Sci-Fi Channel in America has finally gone off the deep end both psychologically and rationally. The troubled, low rated cable network plans to send its very own television executives to shopping malls across the country to try and FORCE people to watch Ronald D. Moore's 13 episode series debuting in January. This isn't rational marketing, this is a last ditch attempt by Sci-Fi Channel to try and beef up viewership in America after the disappointing performance of Ron Moore's "Crapola" in England.
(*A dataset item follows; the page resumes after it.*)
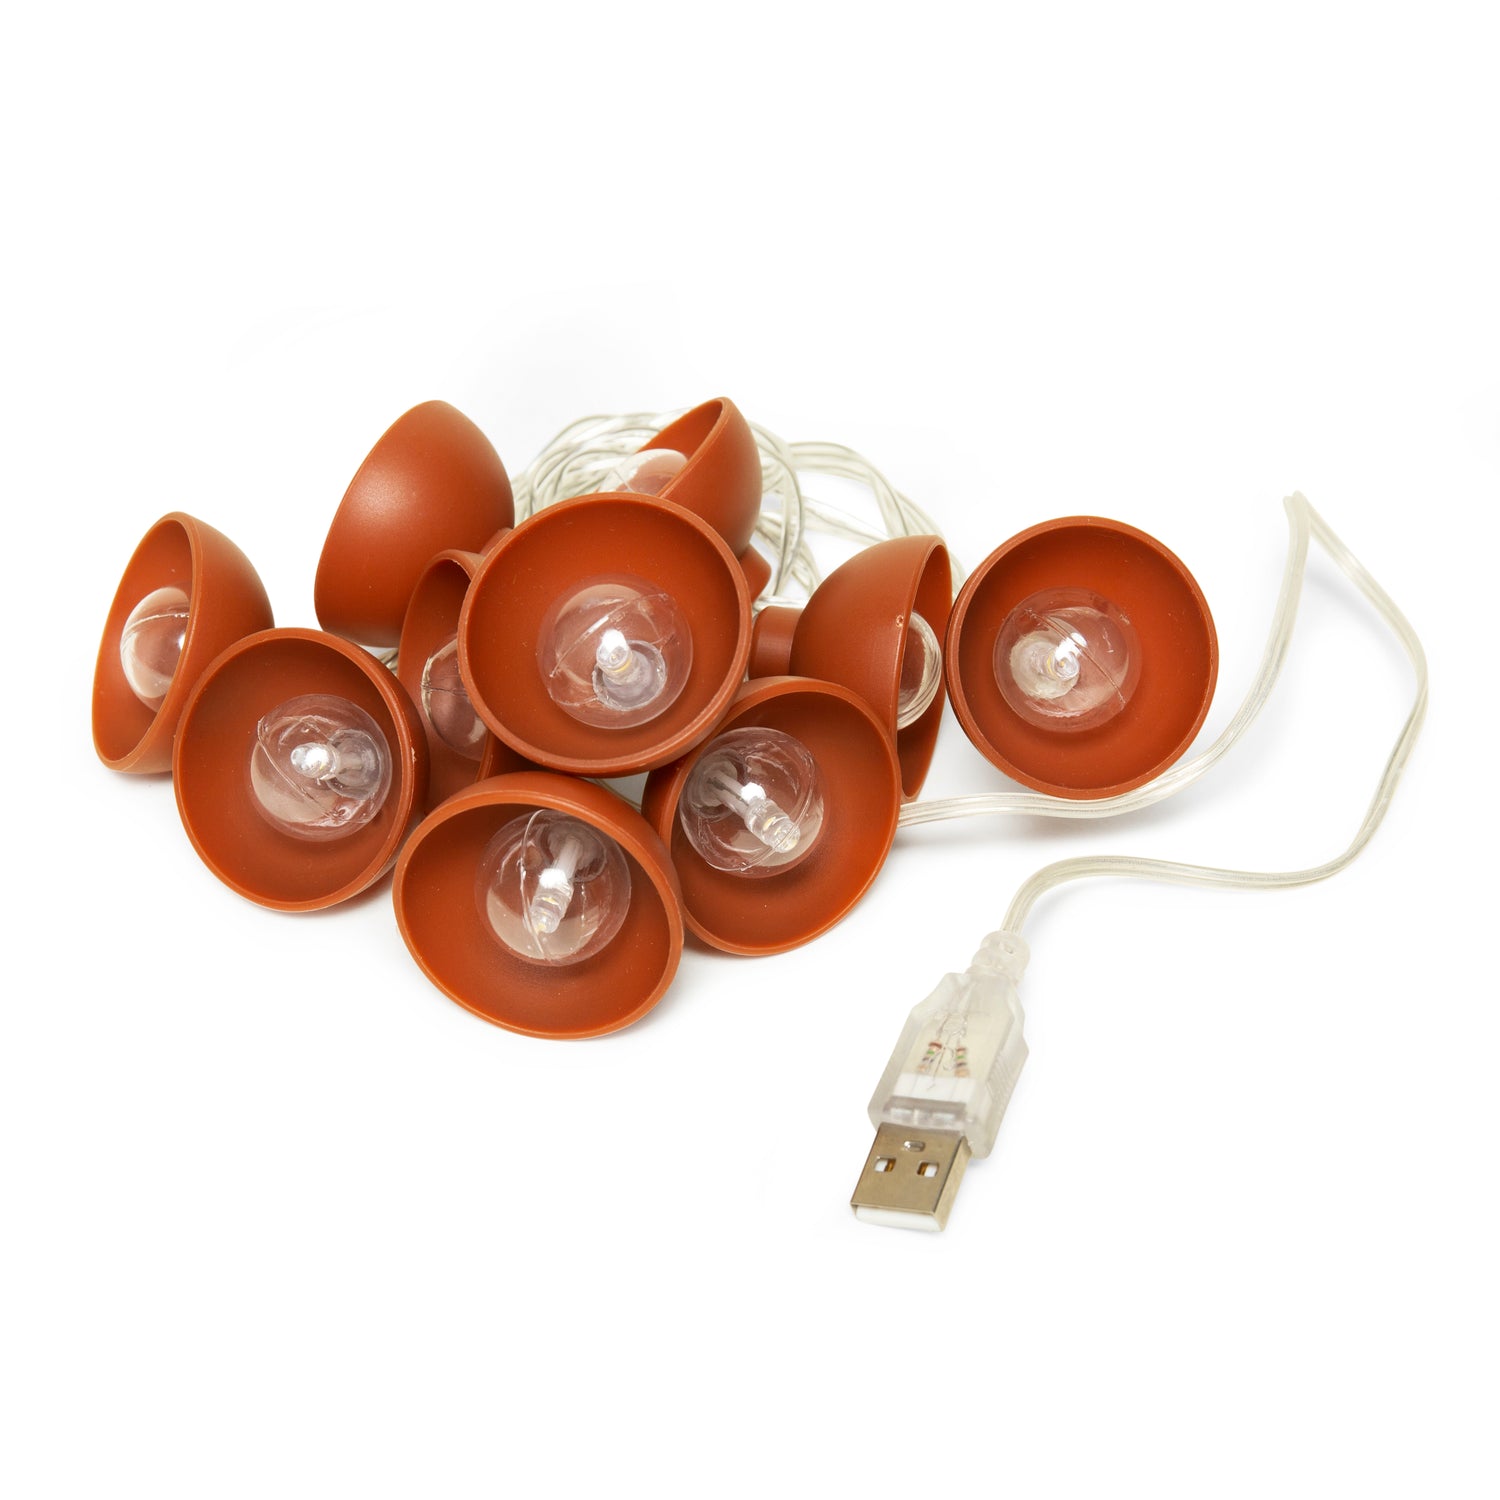 Terracotta Egg Holder – Kikkerland Design Inc

As I understand it, the folks in England preferred reruns of the "Simpsons" EVERY SINGLE TIME over watching Ron Moore's "Crapola." That's alright!! Bart and Homer Simpson are alot more CHARMING to watch than Ronald D. Moore's DYSFUNCTIONAL CHARACTERS, aren't they?


----------



## Brian G Turner (Dec 25, 2004)

The Simpsons are one of the most popular TV series ever made, so of course they are going to stomp on anyone trying to compete at the same viewing time. 

 I don't see how anyone can be "forced" to watch it - do you have a reference to what's actually involved in their marketing campaign?


----------



## dwndrgn (Dec 25, 2004)

I haven't heard of this at all and really don't even know what the poster is talking about since I don't know what 'Crapola' is either.  Just another clueless American I guess...


----------



## Brian G Turner (Dec 25, 2004)

Languatron has a problem with the new Battlestar Gallactica series.


----------



## The Master™ (Dec 25, 2004)

Okay, for the record... I actually enjoy Battlestar Galactica... And have watched every episode, so far...  I like the storylines and quite enjoy the refreshing camera effects of the space battles...

I realise that everyone has their own opinion about things, but maybe Languatron might benefit by trying to find something else to harp on about... It is getting rather tired... Time to change that cracked record!!!


----------